Даже по меркам их прошлых отношений, всегда довольно напряженных, это был удар ниже пояса. У Терстеха всегда было извращенное чутье на слабости Винсента, а Винсент всегда с особой чувствительностью реагировал на упреки бывшего начальника. Задетый за живое, Винсент разразился бурной тирадой, мощь его негодования смела все убеждения, которых он придерживался еще неделю назад, и вывела его на новый, весьма рискованный путь. Называя Терстеха «безмозглым» и «поверхностным», Винсент защищал свои рисунки, настаивая на том, что «во многом они хороши». Он утверждал, что освоить рисование фигуры с модели куда важнее и сложнее, чем акварель, а главное, это куда «серьезнее», то есть способно лучше выразить глубокую жизненную правду.

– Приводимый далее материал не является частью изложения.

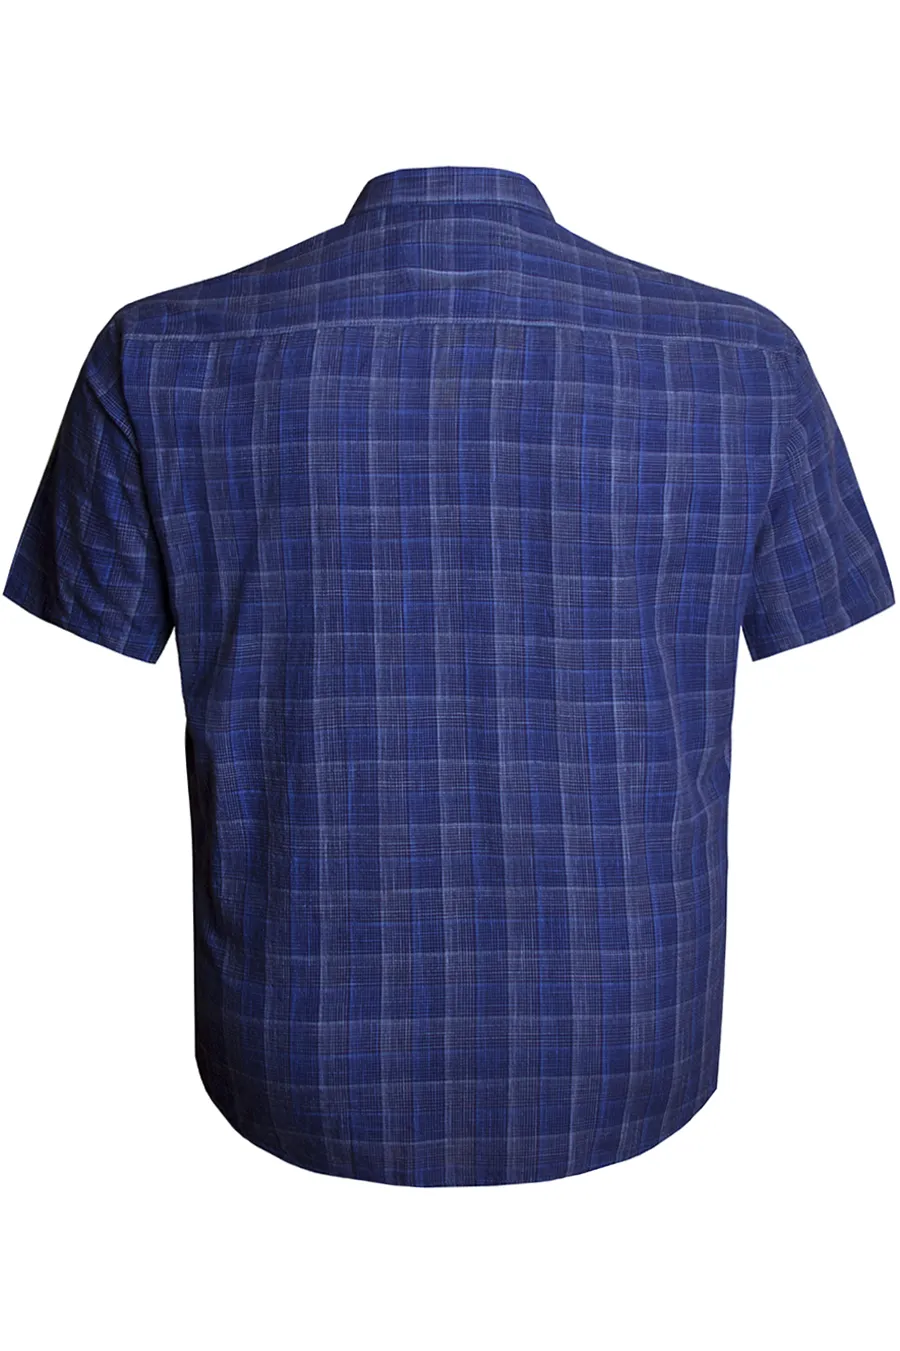 Рубашка из синего льна большого размера

Все эти неприятности вскоре привели к тому, что Винсент стал отрицать и главную свою цель, к которой он шел с момента приезда из Боринажа, – самому зарабатывать; теперь он заявлял, что ни за кем бегать не собирается: «Кто захочет, тот сам придет ко мне». Он же хотел лишь «быть верным себе», а не «льстить публике», даже если результатом этого будут «суровые, но правдивые вещи, изображенные в грубой манере». Всего месяц назад Винсент охотно принимал роль старательного новичка, жаждущего указаний, теперь же он видел себя гонимым художником, не желающим поступаться своими убеждениями. «С каких это пор художника могут заставить – или пытаться заставить – сменить технику или же свои взгляды? – возмущенно вопрошал он. – Такие поползновения кажутся мне крайне бесцеремонными». «Я не позволю себя принуждать, никто не заставит меня делать работы, в которых не видно моего характера».

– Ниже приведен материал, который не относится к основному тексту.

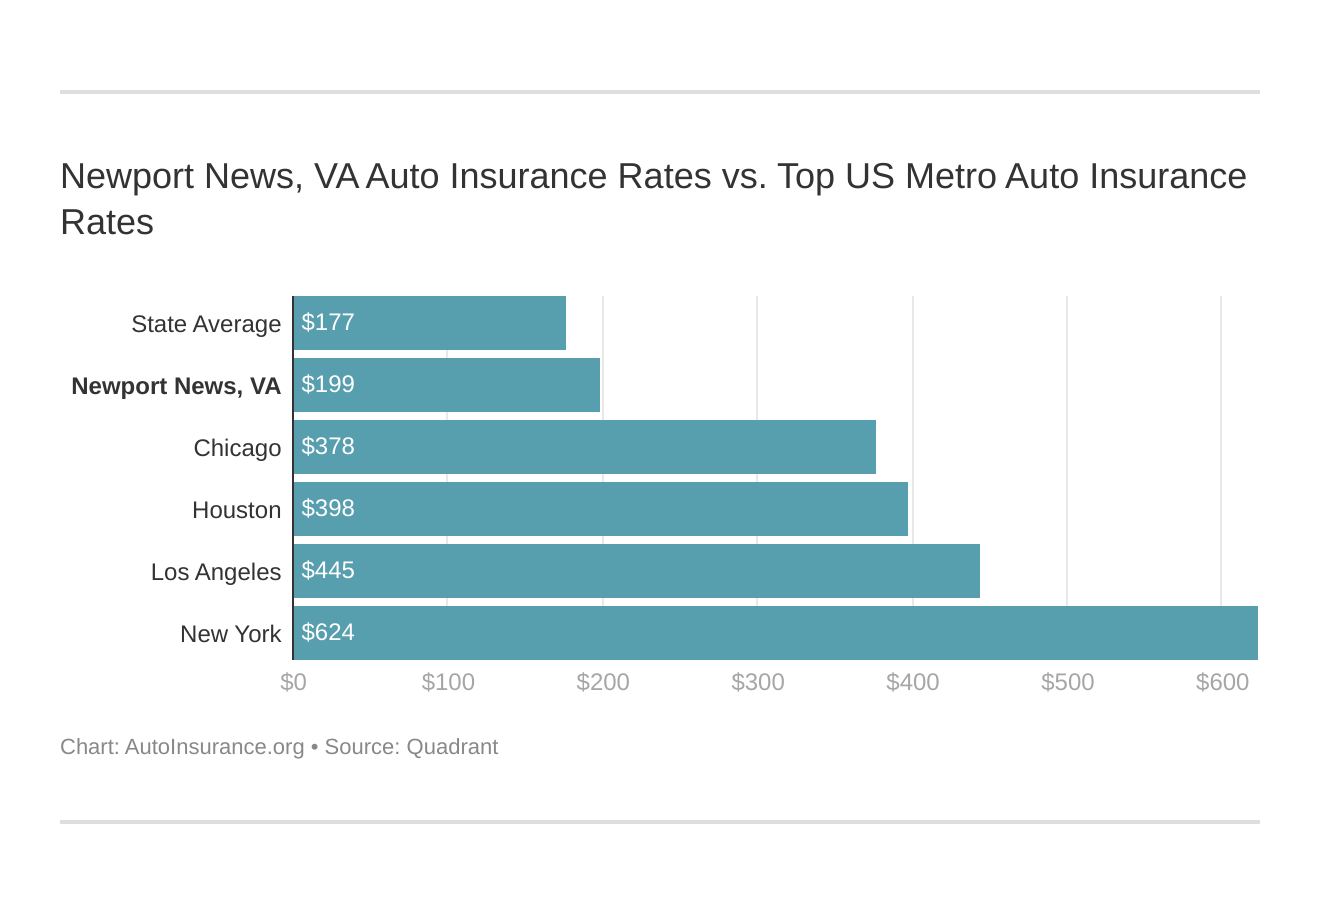 Newport News, VA Auto Insurance Rates vs. Top US Metro Auto Insurance Rates

В феврале разногласия перешли в стадию взаимных оскорблений. Первым не выдержал Винсент, написав Терстеху письмо с обвинениями в том, что тот якобы способствовал его разрыву с Мауве. Когда же Тео не прислал вовремя месячное пособие, художник вновь заподозрил хитрого управляющего (Терстех только что вернулся из парижской поездки) в попытке настроить брата против него. «Быть может, ты что-нибудь услышал от Терстеха или других и это повлияло на тебя?» – спрашивал он в письме к брату. Так и не дождавшись денег от Тео, Винсент отправился в галерею «Гупиль и K°» и обратился напрямую к Терстеху, потребовав выполнить данное братом обещание и выдать ему десять гульденов. Терстех присовокупил к деньгам «столько упреков – чтобы не сказать оскорблений, – возмущался Винсент, – что я хоть и сдержался, но еле-еле».

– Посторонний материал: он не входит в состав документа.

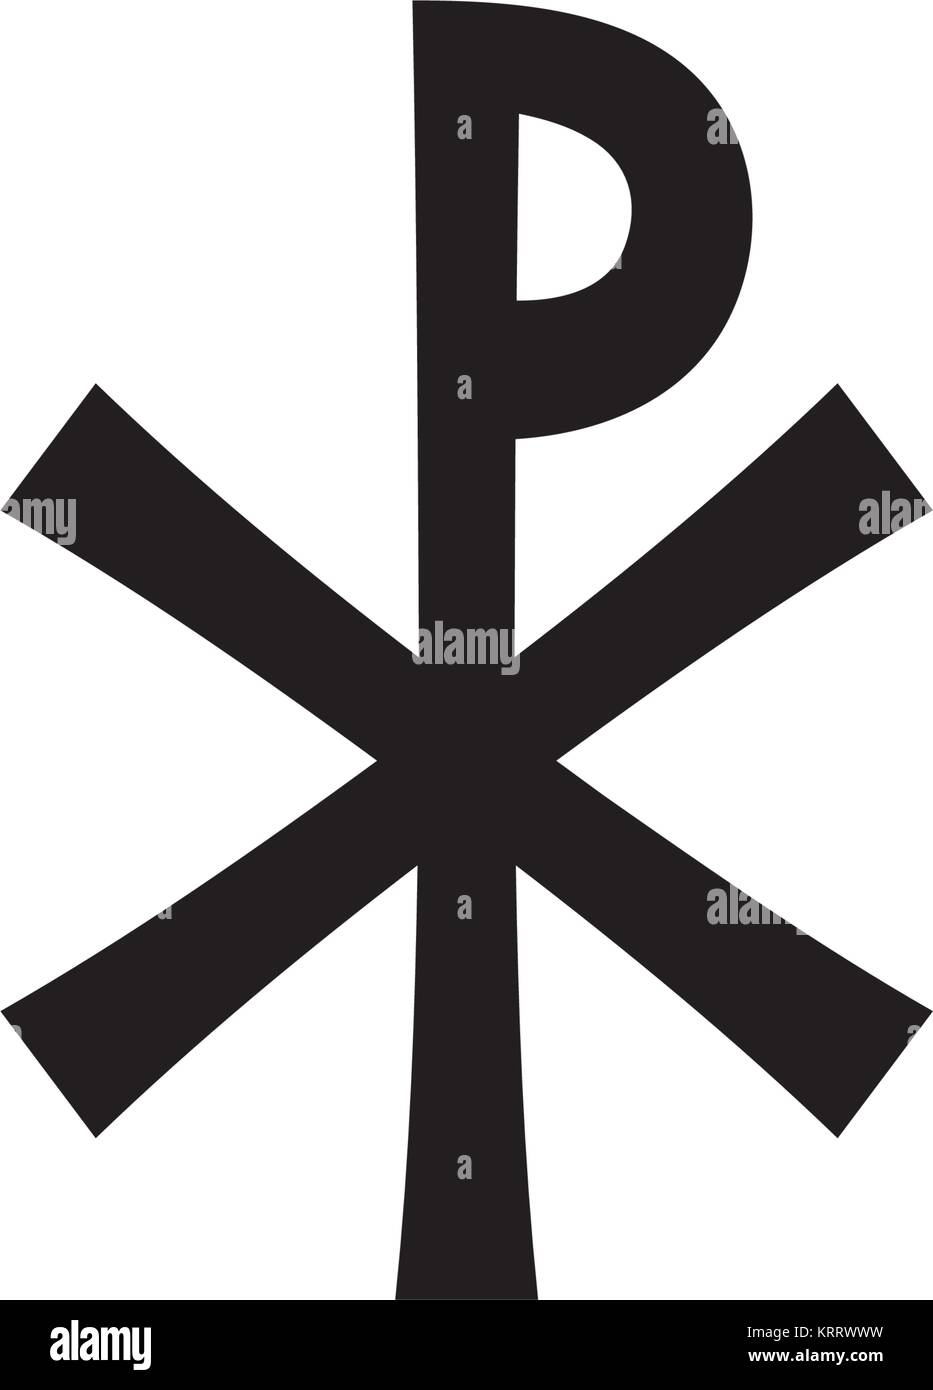 Christogram - Christliche Monogramm des Jesus Christus, der Retter, den Herrn, unseren Gott. (Mittelalterliches Monogramm). Stock Vektor

Терстех вновь принялся внушать Винсенту (как уже делал это предыдущей весной), что все его «призвание» – одно лишь позерство и нежелание трудиться. «Пора тебе самому зарабатывать на хлеб», «найди работу», «прекрати тянуть деньги у Тео», – поучал Терстех, а потом прямо заявил: «Ты слишком поздно начал». Что же до шансов на успех, Терстех с негодованием повторил свое прежнее мнение: «В одном я уверен – ты не художник». До сих пор он пренебрежительно отмахивался от результатов мучительных усилий Винсента: «ni fait ni à faire» – неряшливые, ни на что не годные работы. Но на этот раз Терстех пошел дальше: пользуясь исключительным статусом друга семьи и зная Винсента еще по Зюндерту, он вынес сокрушительный приговор: «И раньше ты ничего не добился, и сейчас будет то же самое… С этой твоей живописью будет то же, что и со всеми прочими твоими начинаниями, – полный провал».
Винсент был раздавлен. Терстех произнес «слова, способные пронзить сердце и опечалить душу», – с горечью писал он Тео, обвиняя Терстеха в беспочвенной антипатии, уходящей корнями в прошлое. «Годами он считал меня кем-то вроде никчемного мечтателя», – сокрушался Винсент. «[Он] вечно твердит одно и то же: я ничего не умею и ни на что не годен». Яростно отрицая мрачные пророчества Терстеха относительно своего будущего как художника («Живопись проникла в меня до самого мозга костей»), Винсент то с грустью недоумевал, почему Терстех «не спросит меня о том, что я могу сделать, вместо того чтобы требовать невозможного», то снова распалялся и жаждал вернуть старые добрые времена революции, когда людей, подобных Терстеху, могли бы послать на гильотину вместе с прочими злодеями старого режима.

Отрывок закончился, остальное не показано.